### Supplied information
● ● ● ● ● ● ●

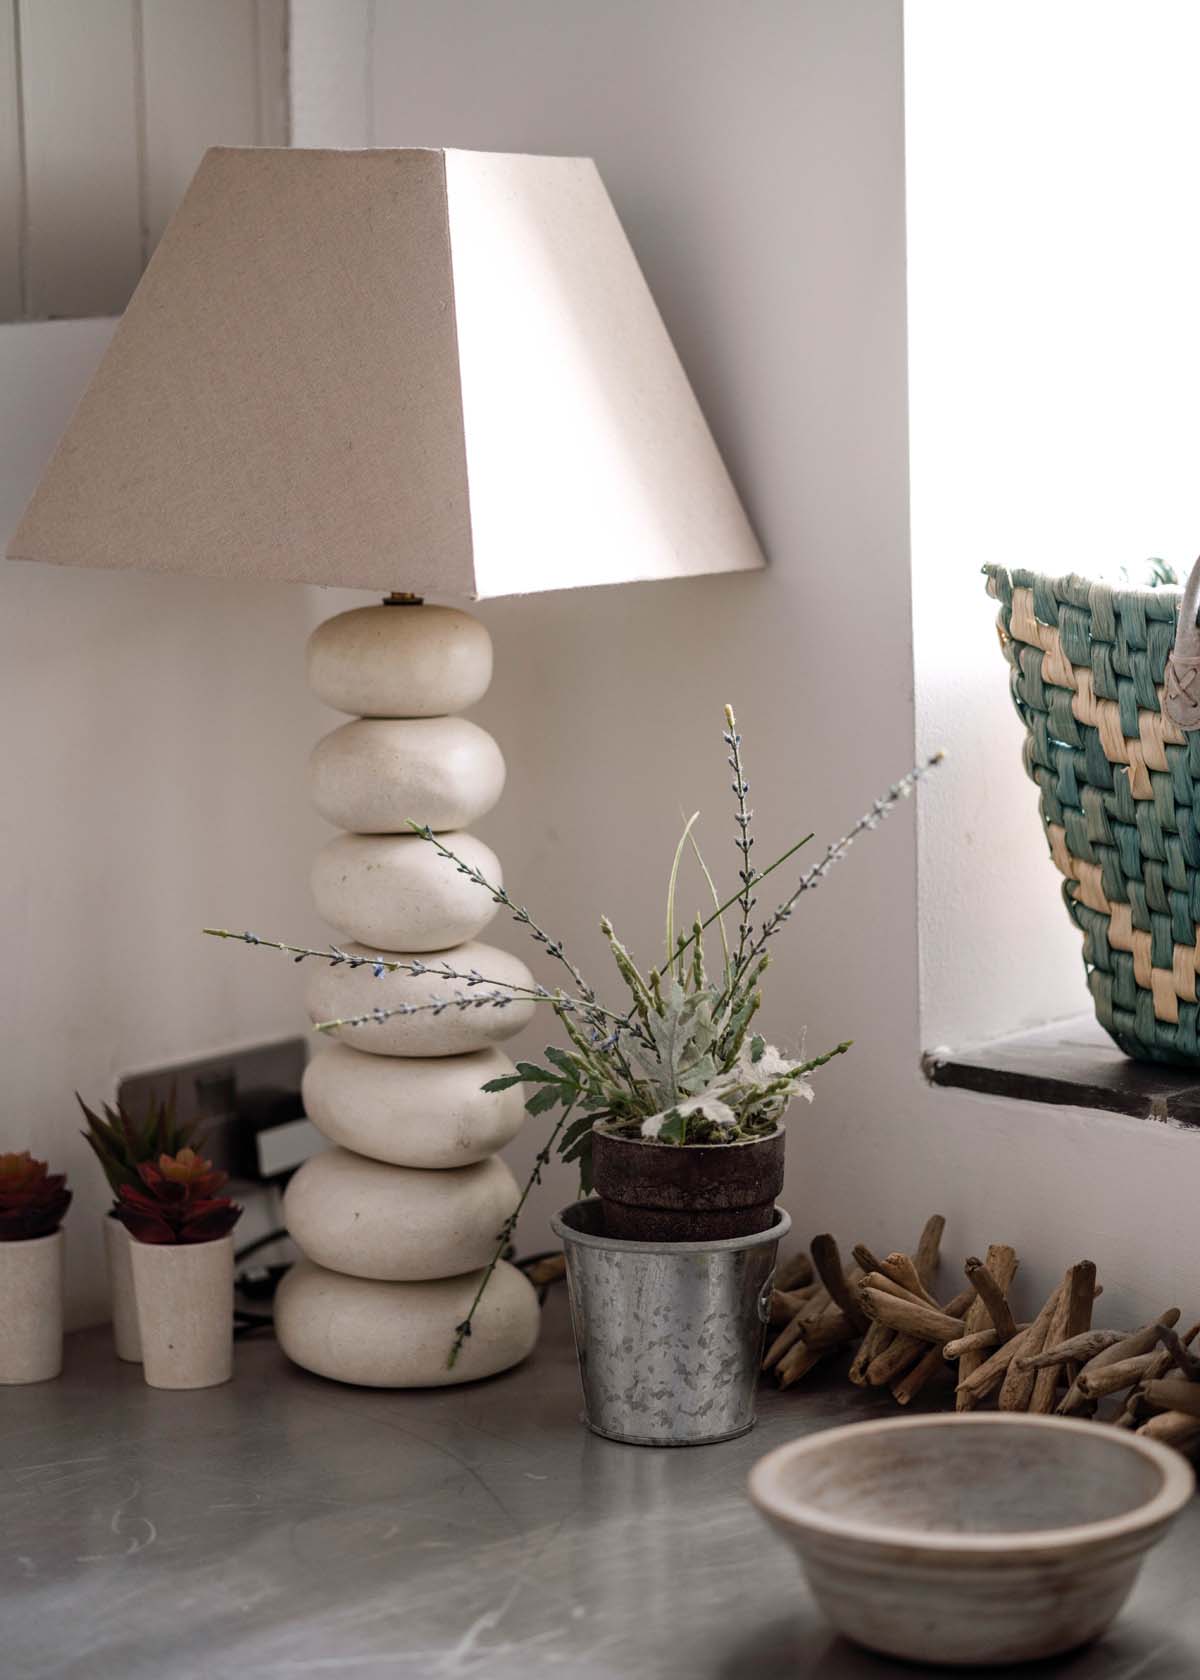 A pebble decorative lamp
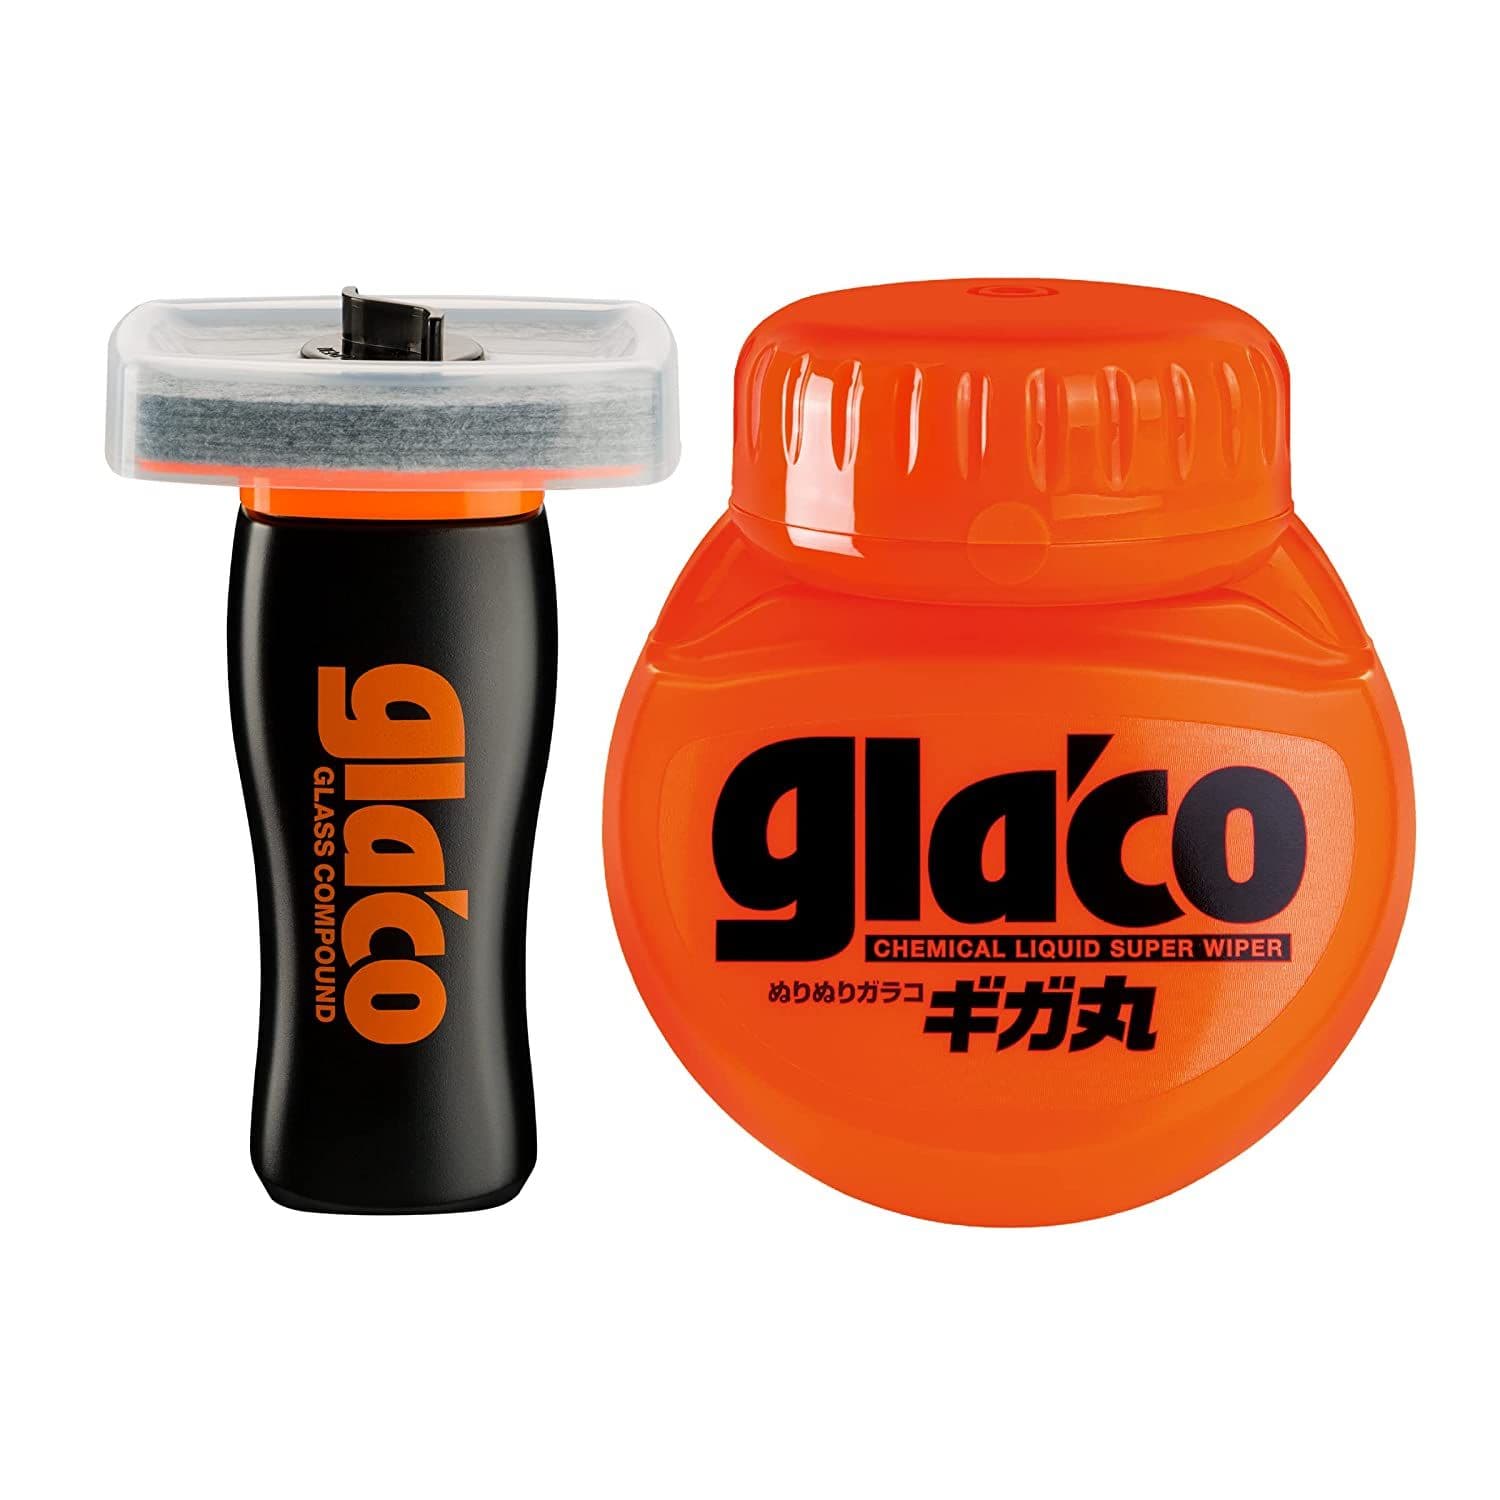 SOFT99 ULTRA GLACO GLASS COATING & GLACO GLASS COMPOUND REVIEW 
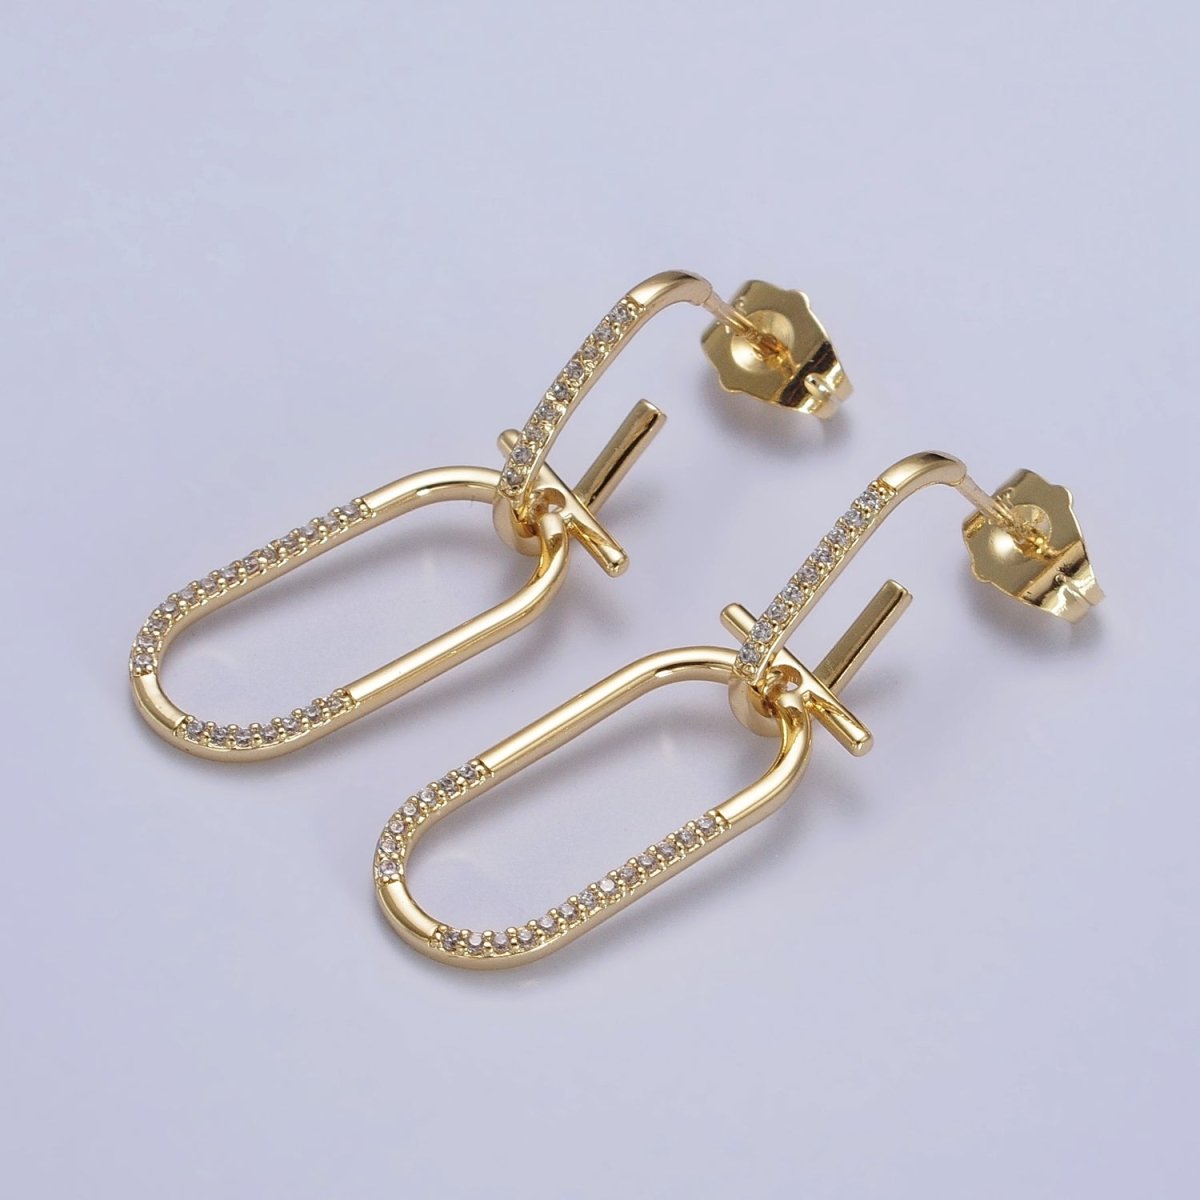 Gold Link Earrings by Oval Cable Link Earrings Statement Dangle CZ Stud Earrings | AB124 - DLUXCA
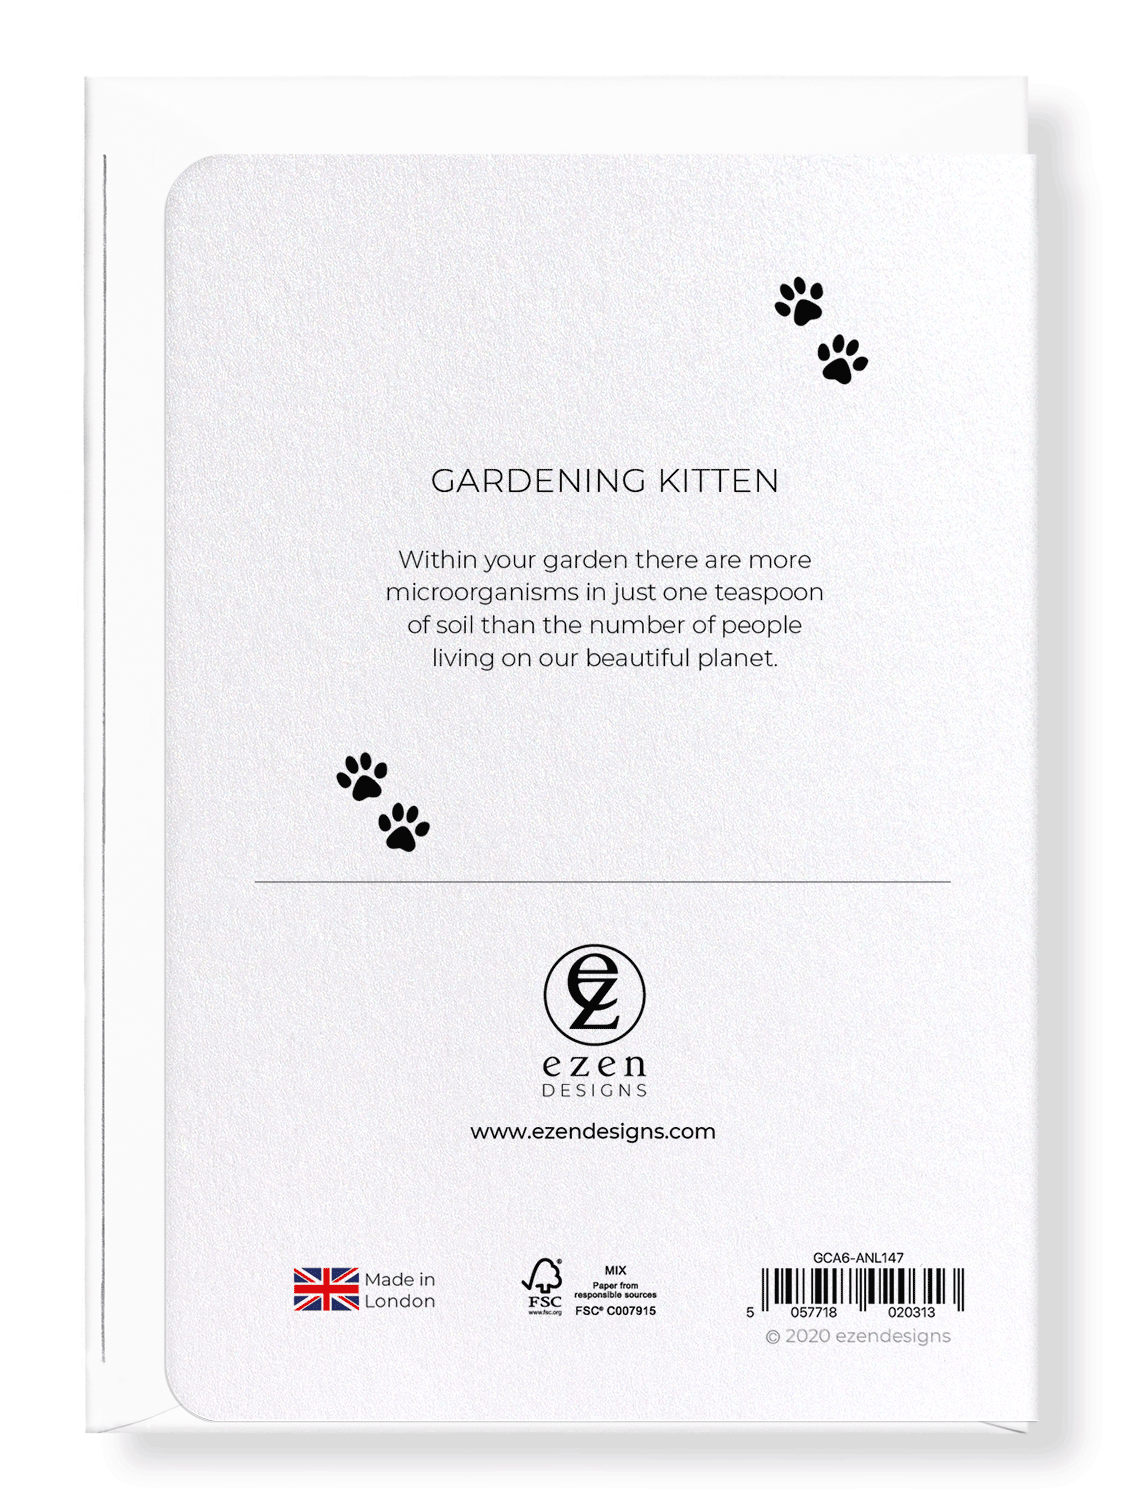 Ezen Designs - Gardening kitten - Greeting Card - Back

● ● ● ● ● ● ●

### Exercise prompt
Write out the whole listing exactly. Do not include the pictures.

### Exercise response
 A pebble decorative lamp
 SOFT99 ULTRA GLACO GLASS COATING & GLACO GLASS COMPOUND REVIEW 
 Gold Link Earrings by Oval Cable Link Earrings Statement Dangle CZ Stud Earrings | AB124 - DLUXCA
 Ezen Designs - Gardening kitten - Greeting Card - Back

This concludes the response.